Екатерина Владимирова – Твист на банке из-под шпрот. Сборник рассказов CWS (страница 34)
– У Кашемирова, – недовольно ответила она. – Дочь отправила меня сюда, а ведь я прекрасно себя чувствую. Слышите? Прекрасно!
– Это ничего, у Кашемирова многие наблюдаются. Поедете на море, и все пройдет.
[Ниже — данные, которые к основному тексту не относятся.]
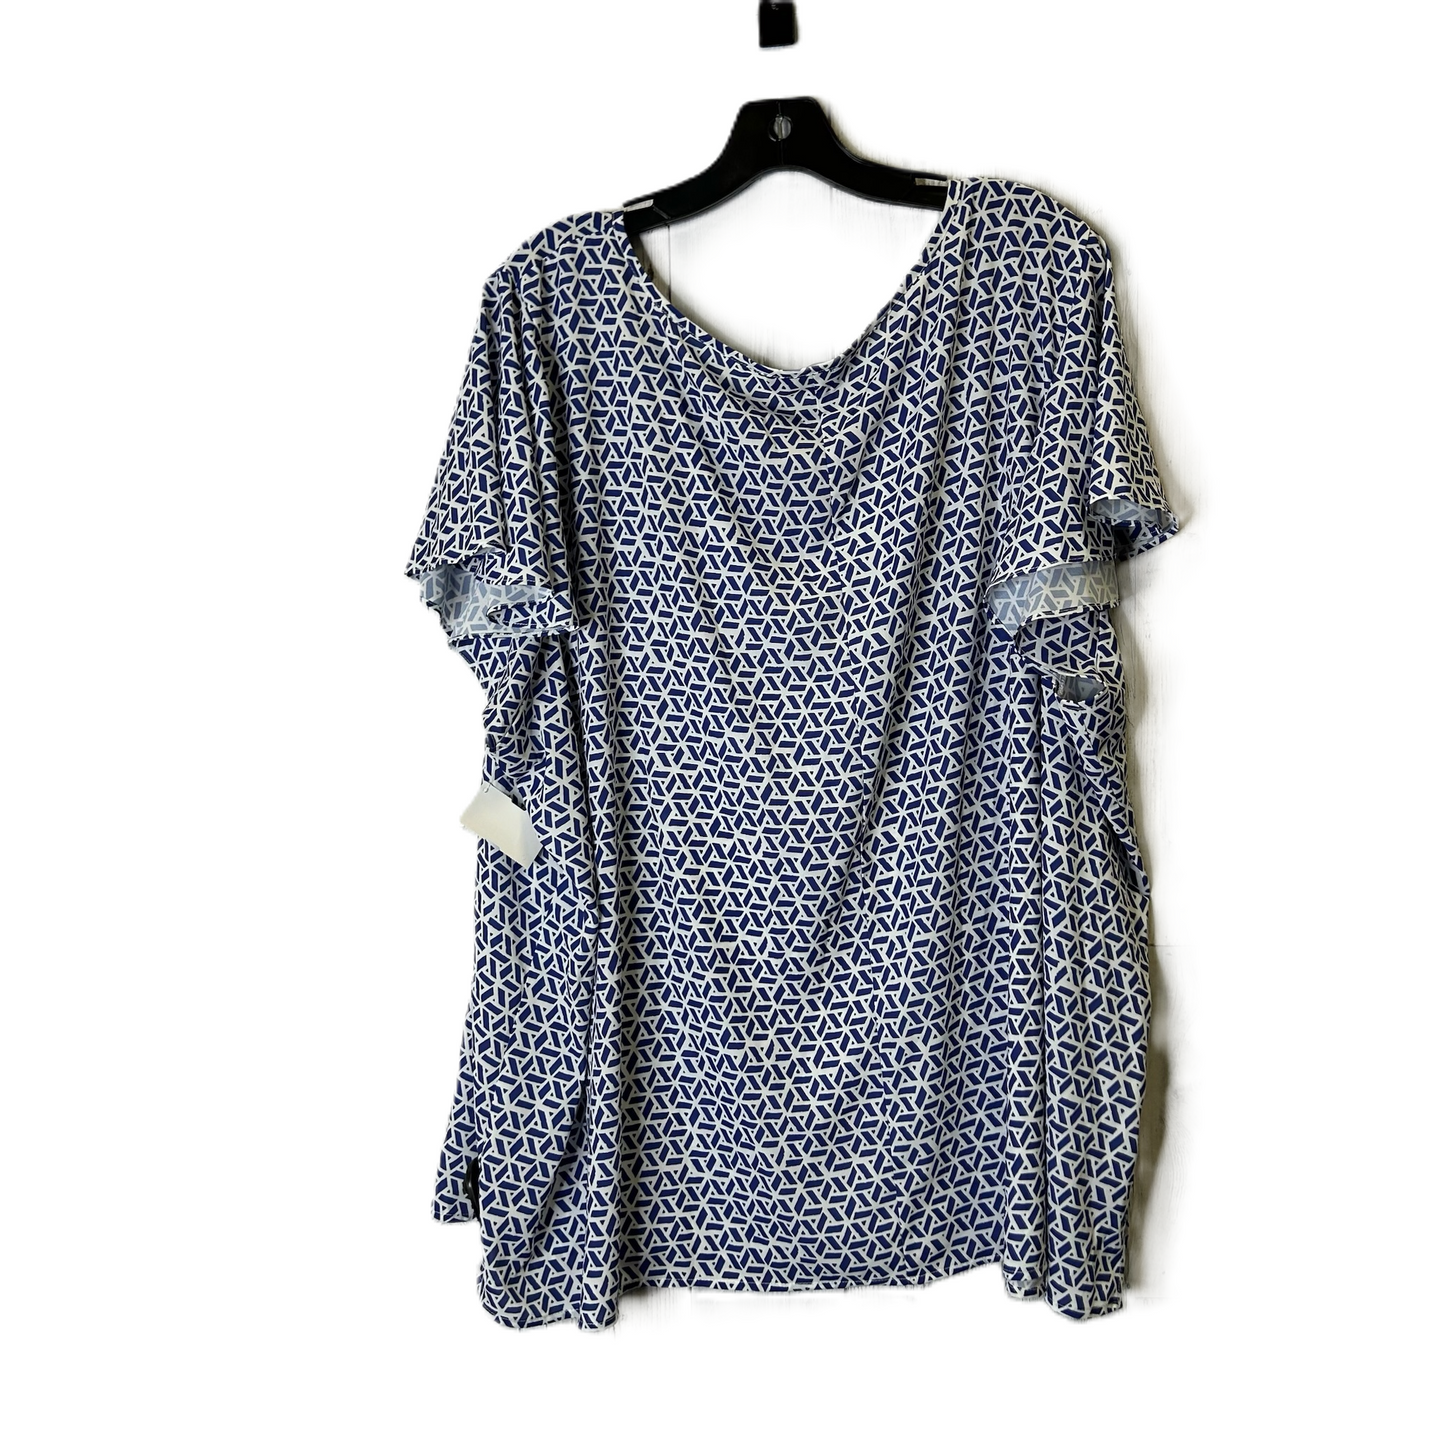 Blue Top Short Sleeve By Eloquii, Size: 4x
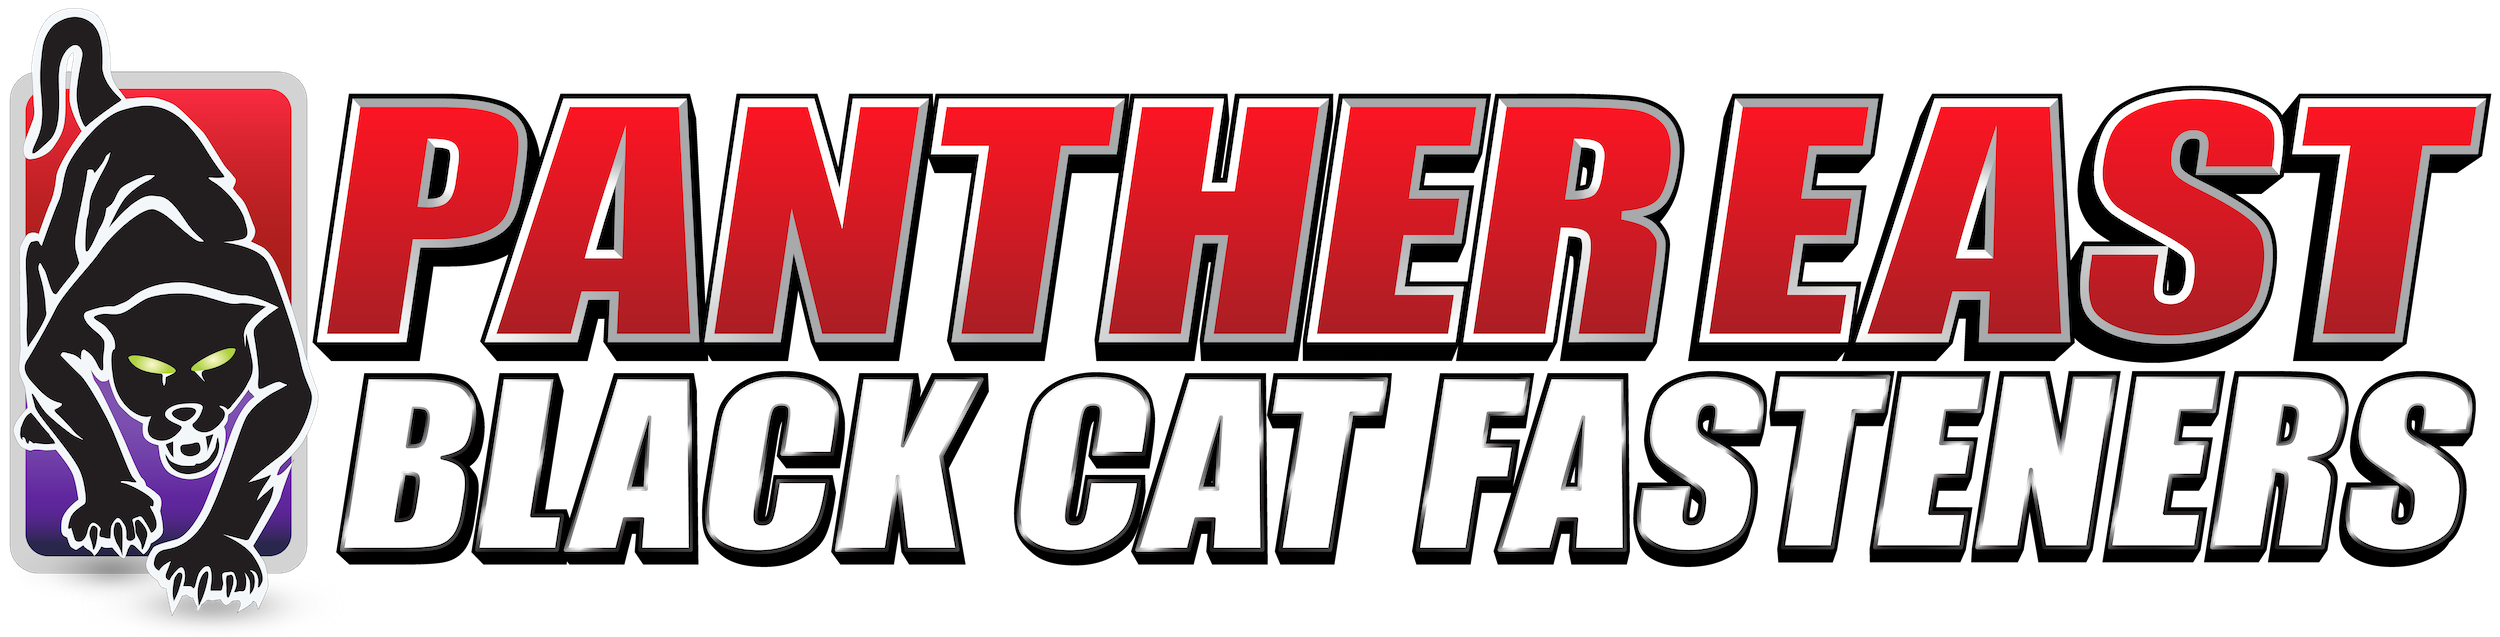 Panther East & Black Cat Fasteners Roofing & Construction Tools, Fasteners, Equipment, Safety and Material Supplies

Не знаю, почему я вспомнил про море. Мне показалось глупым говорить про сахар и холестерин, про давление или ноющие суставы. Она была будто не из этого воняющего валерьянкой мира. Откуда-то оттуда, из молодости, где светит солнце, где воздух пахнет медом и солью, и кажется, что старость – она не про тебя, она про кого-то другого. А ты всегда будешь таким же сильным, загорелым… Не знающим ни горя, ни забот…
– Море… – она вдруг закрыла глаза и глубоко вдохнула тяжелый больничный воздух. – Знали бы вы, как я люблю море!
Потом она много говорила. Говорила про море, про дочь и про шестьдесят второй, про то, как у нее украли сумочку, новую, синюю, а потом она увидела такую же у квартирной хозяйки – и что бы это значило? Я кивал и отвечал невпопад. Возможно, говорил что-то смешное, потому что она смеялась, и я тоже смеялся от того, какой у нее звонкий, молодой смех.
А потом подошла ее очередь идти к врачу. Я знал, что она выйдет оттуда другой, может быть, потухшей, может, постаревшей. Но я ждал и хотел увидеть ее, какой бы она ни была. Она вышла все такая же неземная, немножко потерянная и, смущенно улыбаясь, села на стул.
Мы сидели рядом долго-долго. Очень долго. Десять лет. Десять лет борьбы – и только вместе, только держась за руки. А потом она ушла от меня. В день своего семидесятилетия. Я по-прежнему держал ее за руку и не хотел отпускать. Я знал, что она не боялась, потому что там – пахнет медом. Она так часто об этом говорила, что я поверил ей. И я видел ее там, где всегда солнце, где море, где воздух пахнет медом – и только так».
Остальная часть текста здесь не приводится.